[The task] Apart from the pictures, the listing is to be returned exactly.

::: Provided material :::

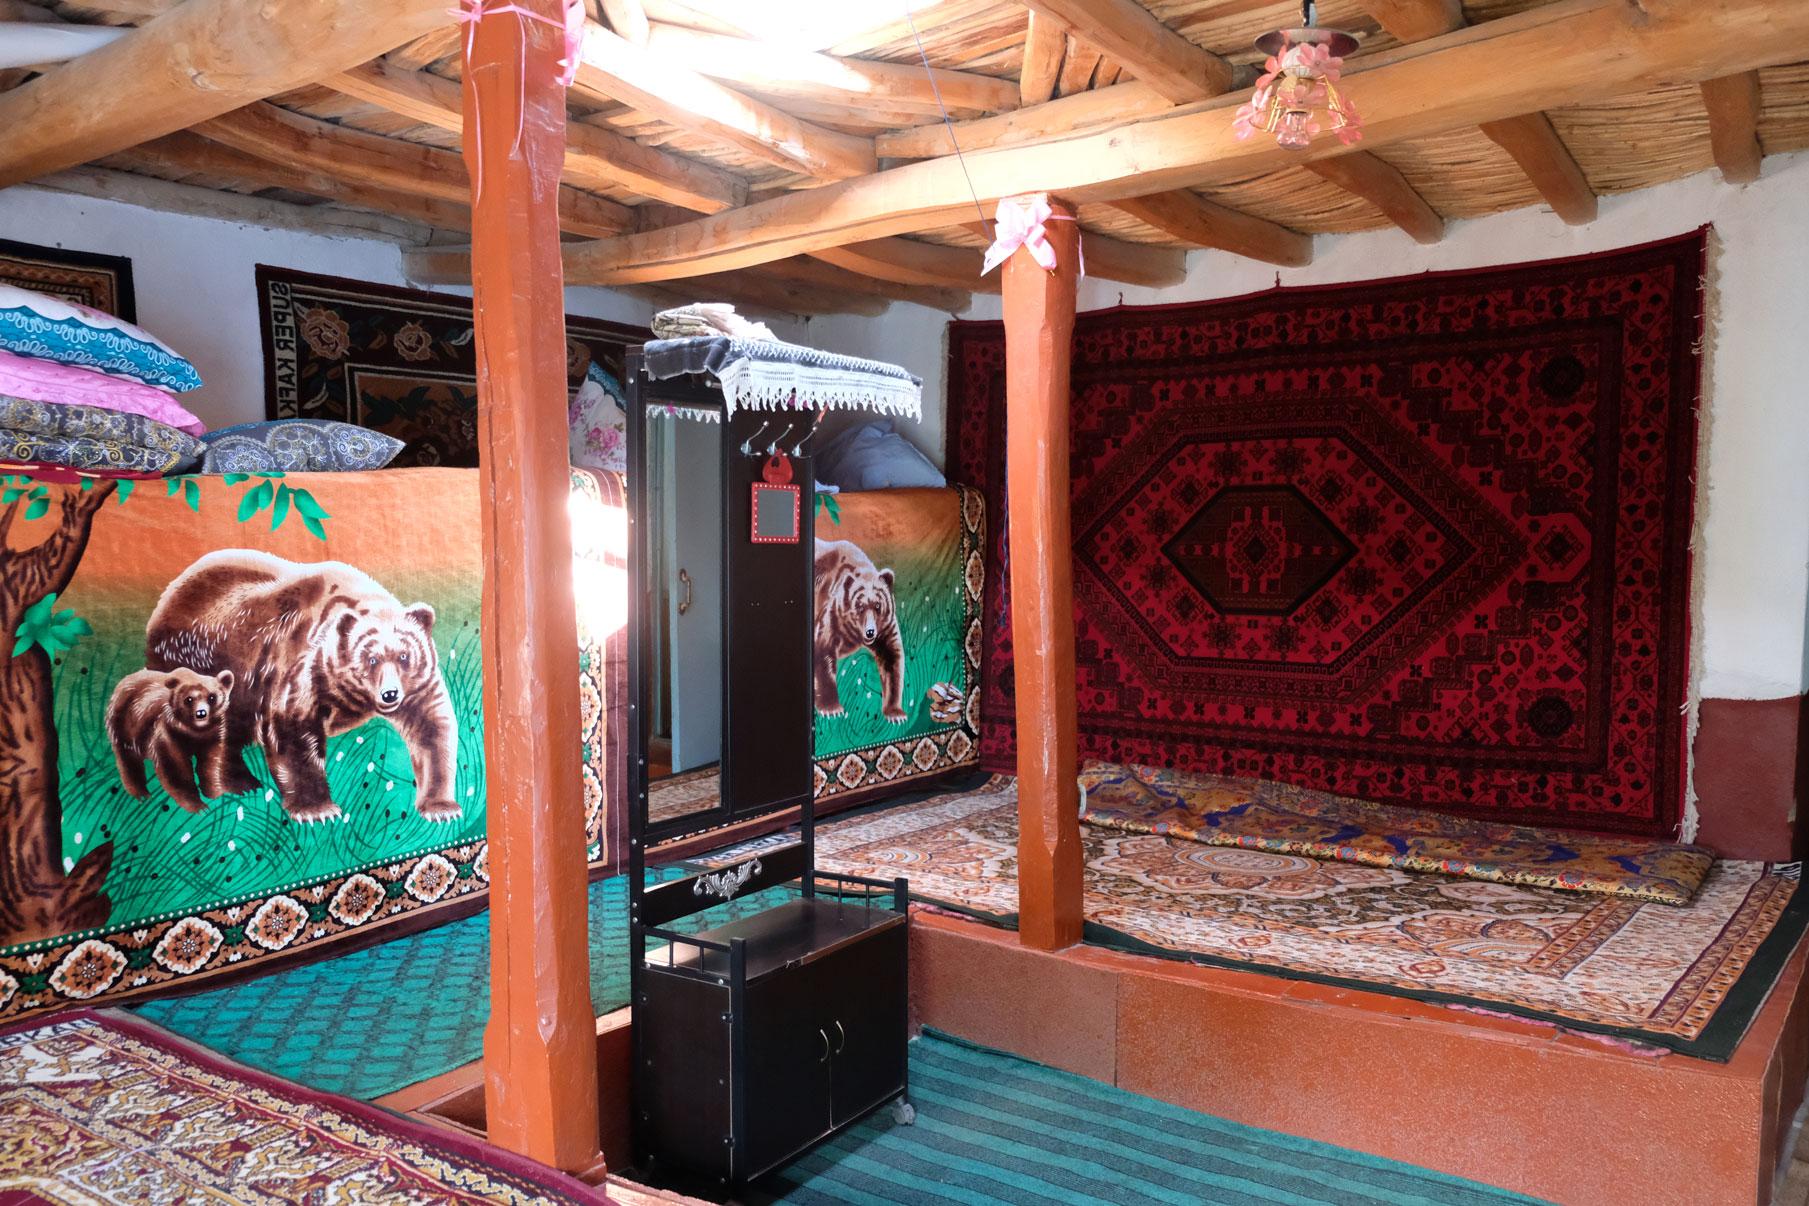 Wohnzimmer in einem Pamirhaus.
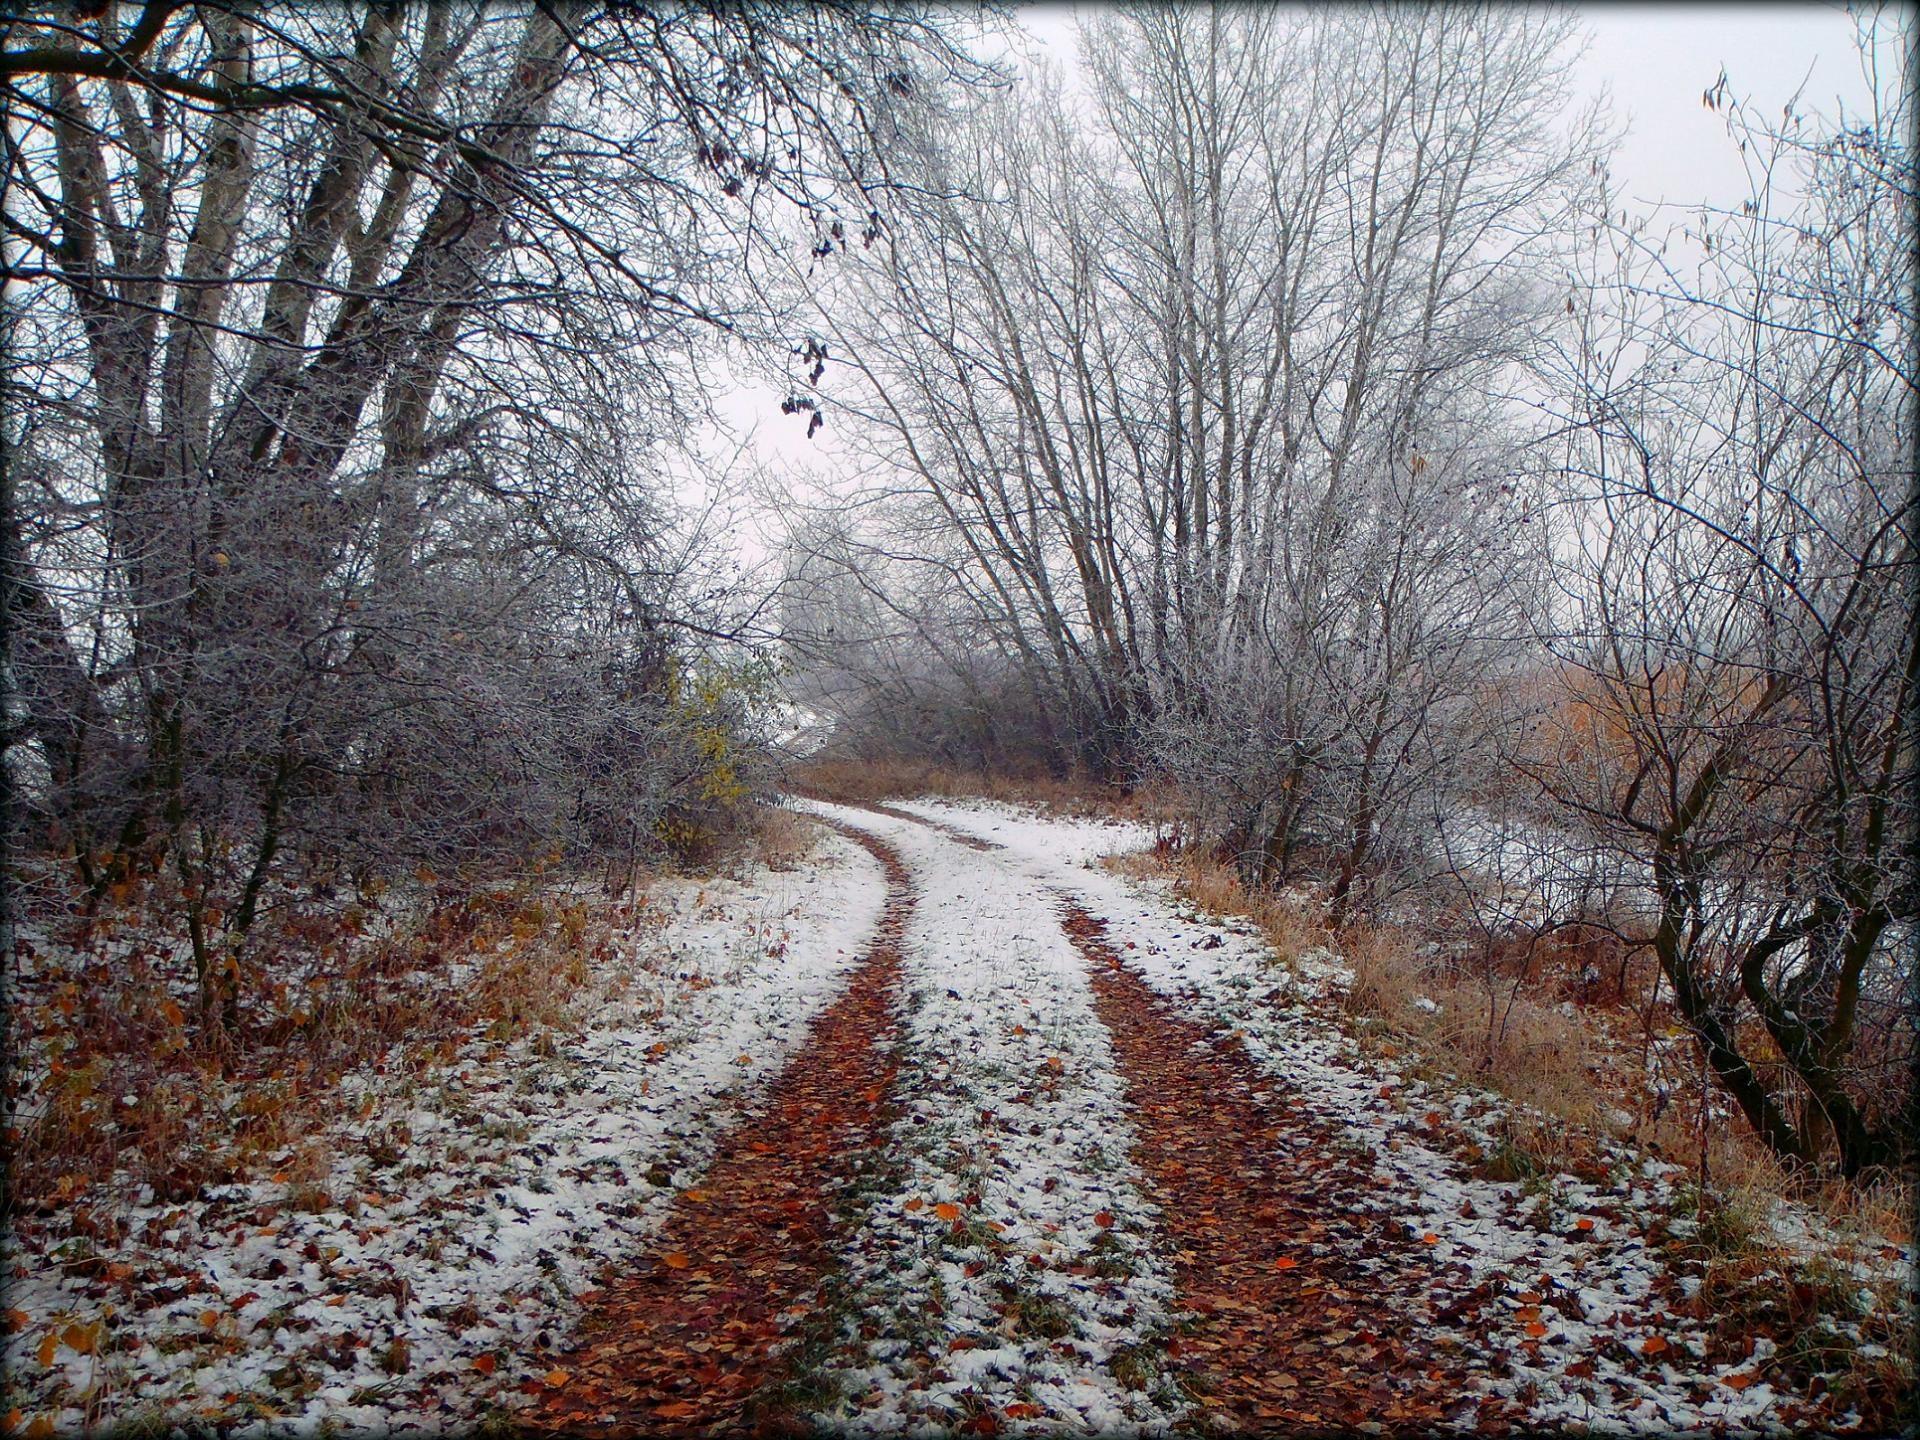 Hosszú téli sétáim egyike: november végére megérkeztek az első fagyok, ekkor már majdnem lemondtam a horgászatról
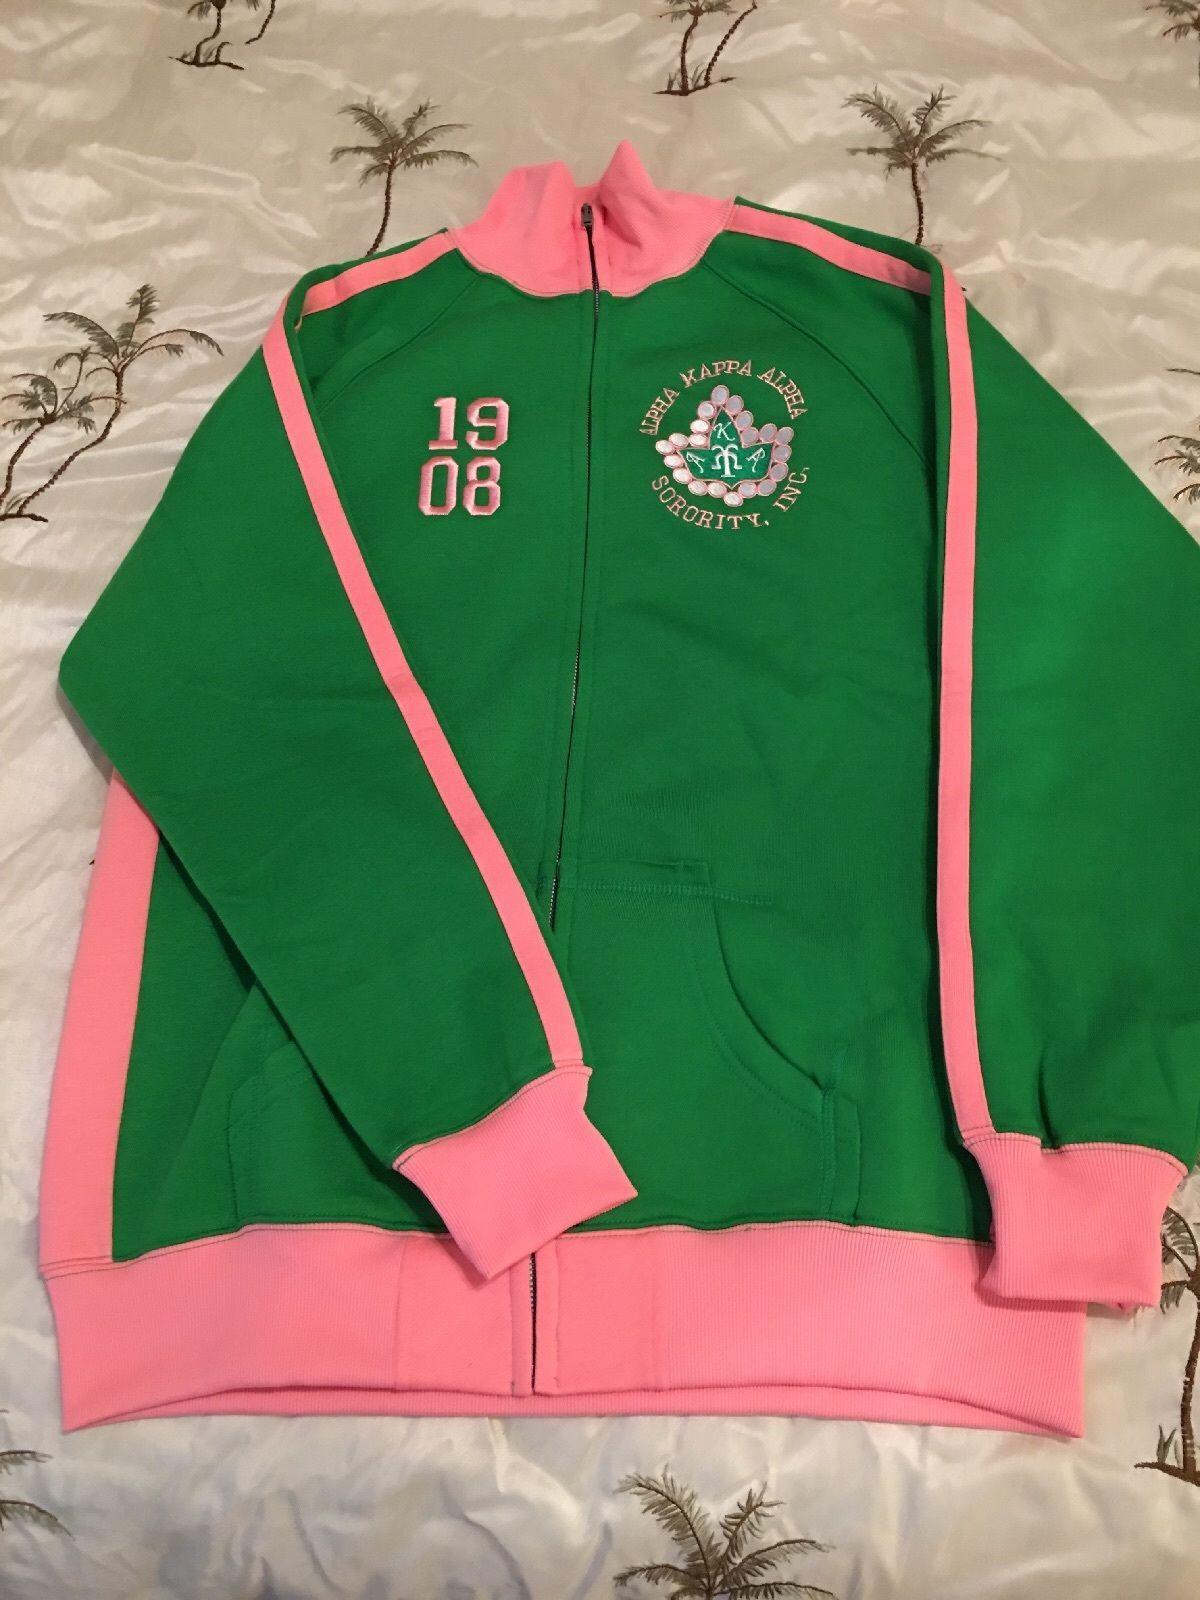 Alpha Kappa Alpha Track Jacket   AKA sweater  Pink and Green ON SALE for   60.00 484ad1e7e

:::

[Problem solution]
 Wohnzimmer in einem Pamirhaus.
 Hosszú téli sétáim egyike: november végére megérkeztek az első fagyok, ekkor már majdnem lemondtam a horgászatról
 Alpha Kappa Alpha Track Jacket   AKA sweater  Pink and Green ON SALE for   60.00 484ad1e7e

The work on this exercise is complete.